The Federal Constitutional Court is dealing with the question of whether the DFL may be charged for police costs for high-risk games where clashes between fan camps are particularly likely. With a constitutional complaint, the umbrella organization of the 1st and 2nd Bundesliga is against a regulation from Bremen, according to which the city can charge organizers fees for greater police work at certain major events. From the DFL's perspective, the regulation created in 2014 is unconstitutional and void. A judgment is only expected in a few months.

“Football generally has an impact that goes beyond 90 minutes,” said Lenz. This includes all aspects of society. The police are a very important partner in preventative measures.
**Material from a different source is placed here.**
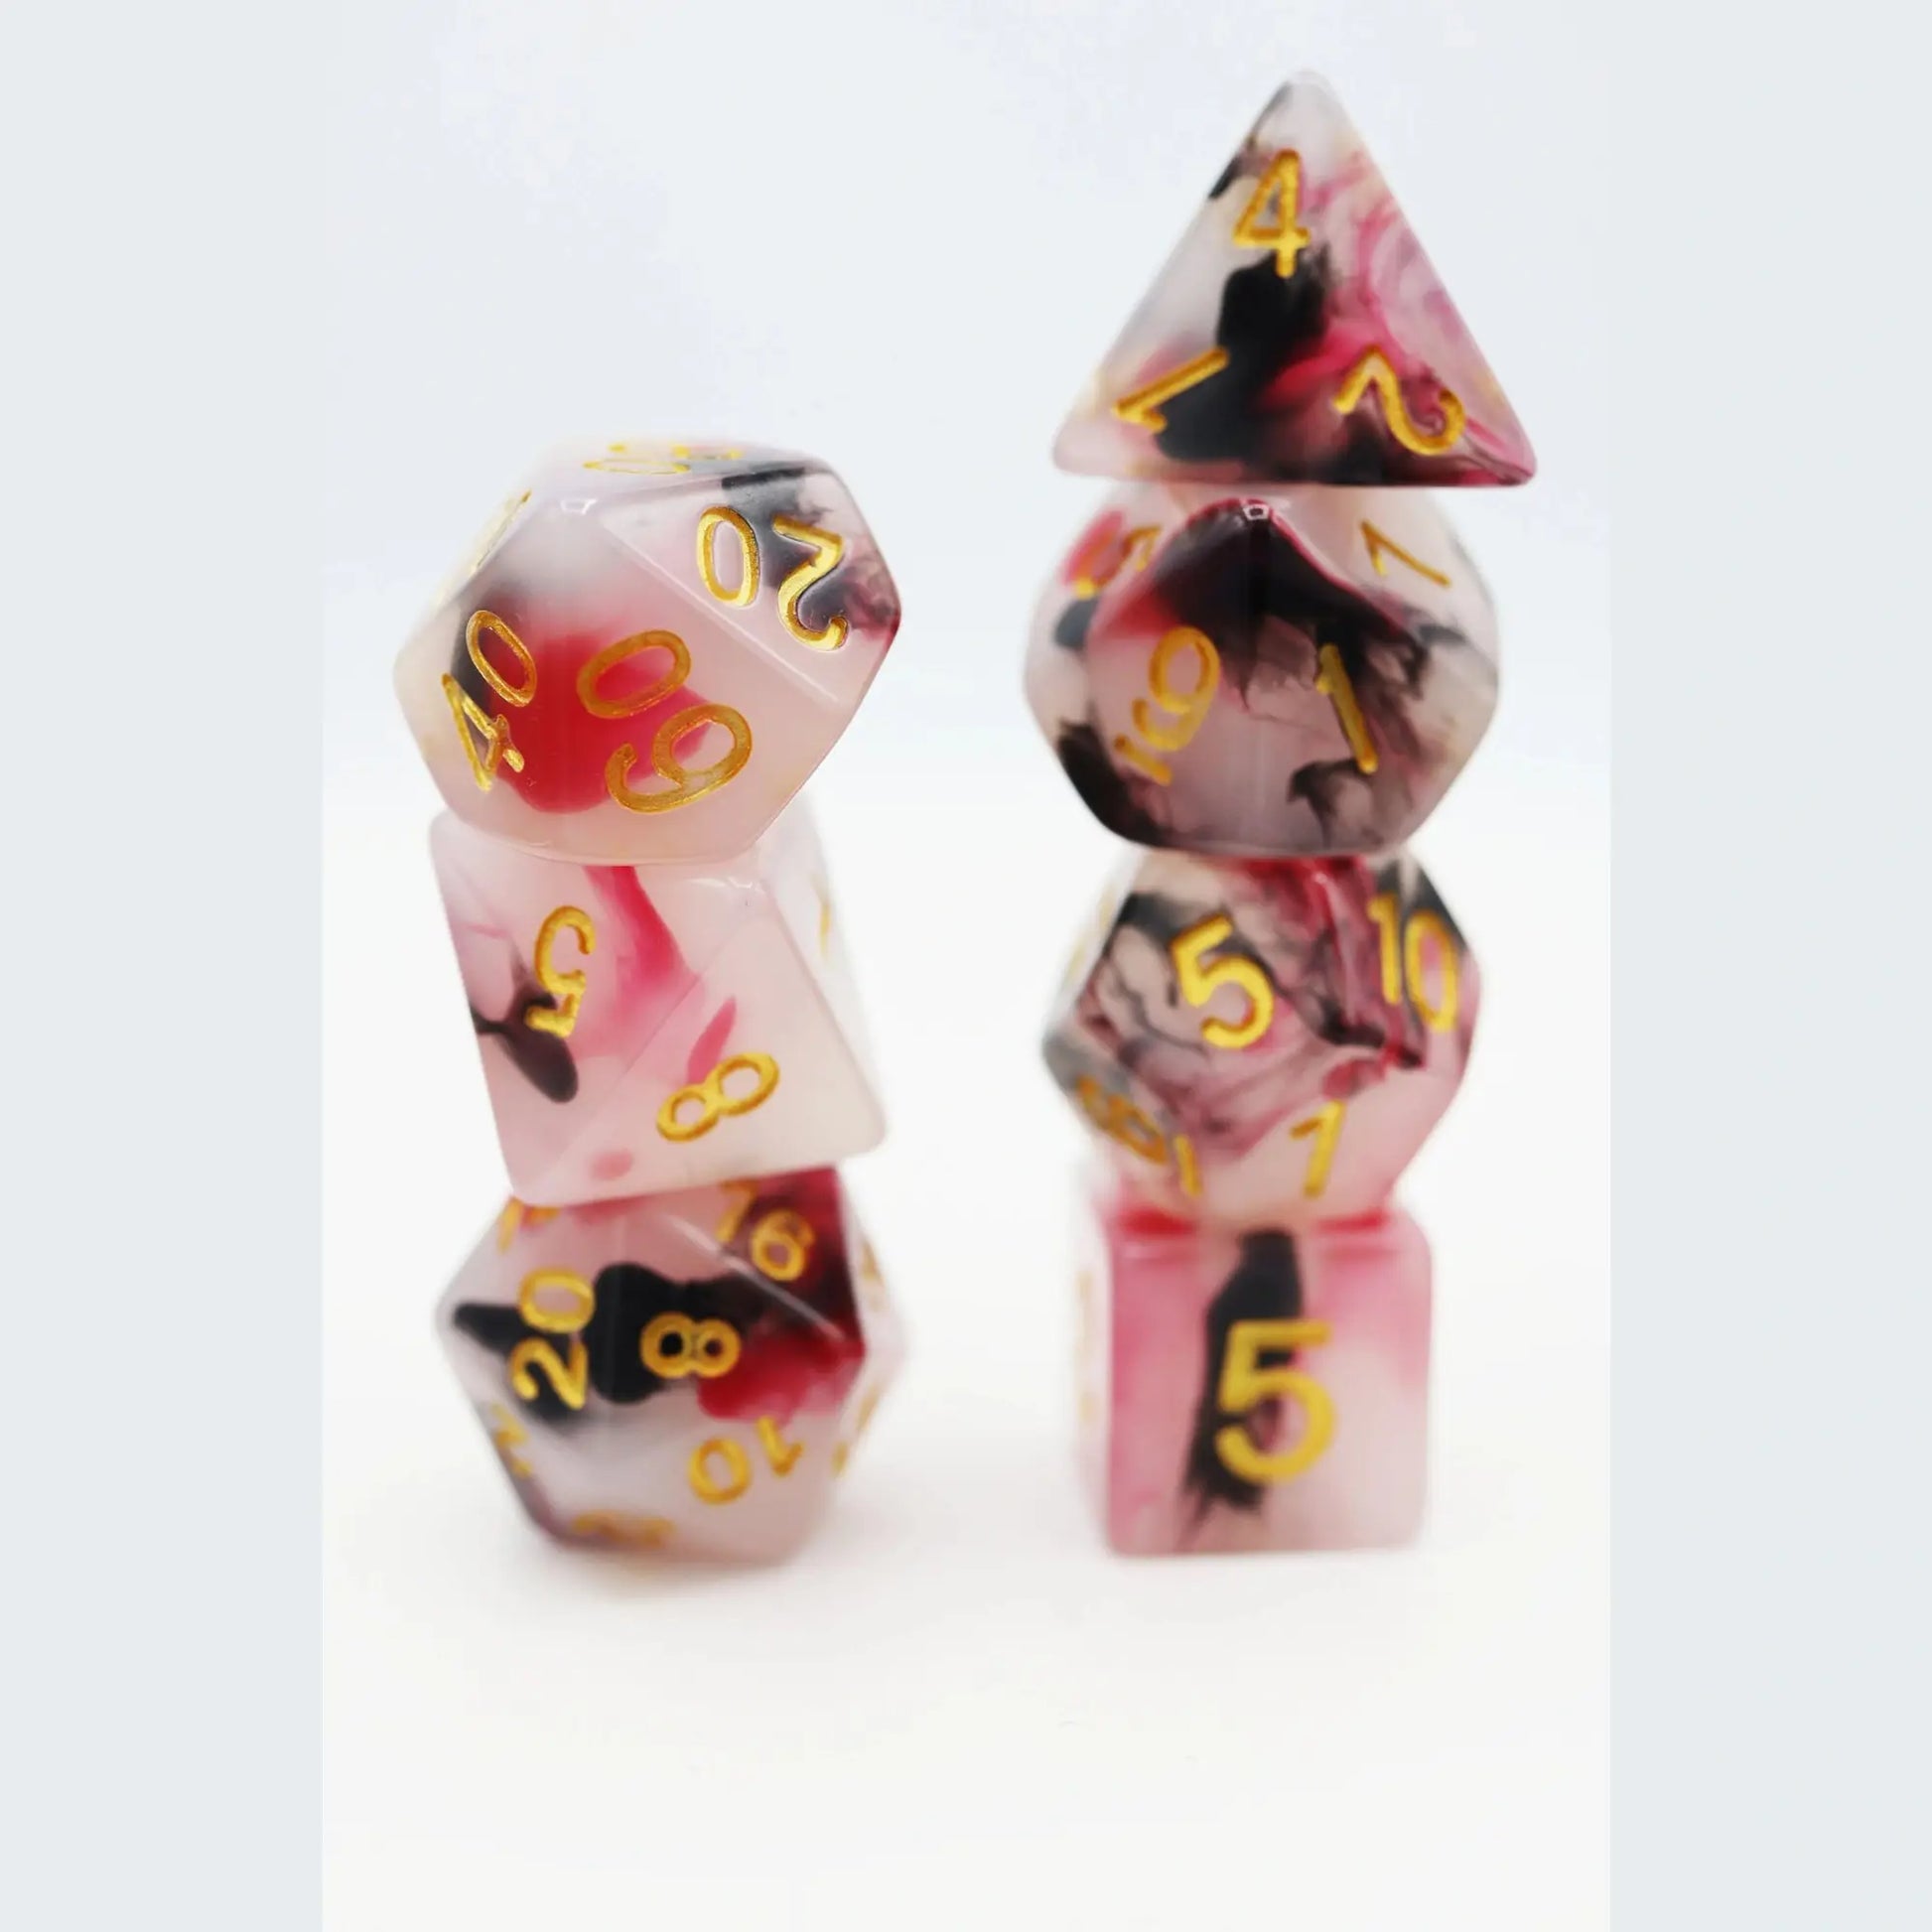 Black and Red Opalescent Jade RPG Dice Set

DFL lawyer Bernd Hoefer warned that fees would overwhelm third division clubs - which play under the umbrella of the German Football Association (DFB).

“At its core, it’s about safety at major events of all kinds,” said Lenz about the legal dispute, which has now lasted nine years. Hoefer pointed out that the police costs for climate activists at the motor show in Munich will not be billed to the organizer. In addition, the police would decide for themselves the number of operational hours that would ultimately be billed.

Mäurer for the DFL’s “appropriate” contribution to police costs

Bremen's Interior Senator Ulrich Mäurer has argued before the Federal Constitutional Court for German professional football to make an appropriate contribution to police costs for high-risk games. The federal states continue to be heavily burdened by the additional police effort at Bundesliga games, said the SPD politician in Karlsruhe. Measures to counteract the potential for violence during the games have not yet had the desired effect. The taxpayer bears the costs.

High-risk games are those games in which clashes between fan camps are particularly likely.

The step towards charging fees was not easy for the city state of Bremen, said Mäurer. He was always concerned with appropriate participation. Only nine games have been classified as “red games” - i.e. high-risk games - since the controversial regulation was introduced, Mäurer emphasized before the first Senate. In the Bremen case, it is only a matter of one game per season in which the DFL would be asked to pay. In other European countries, organizers of football games would also have to contribute to the costs.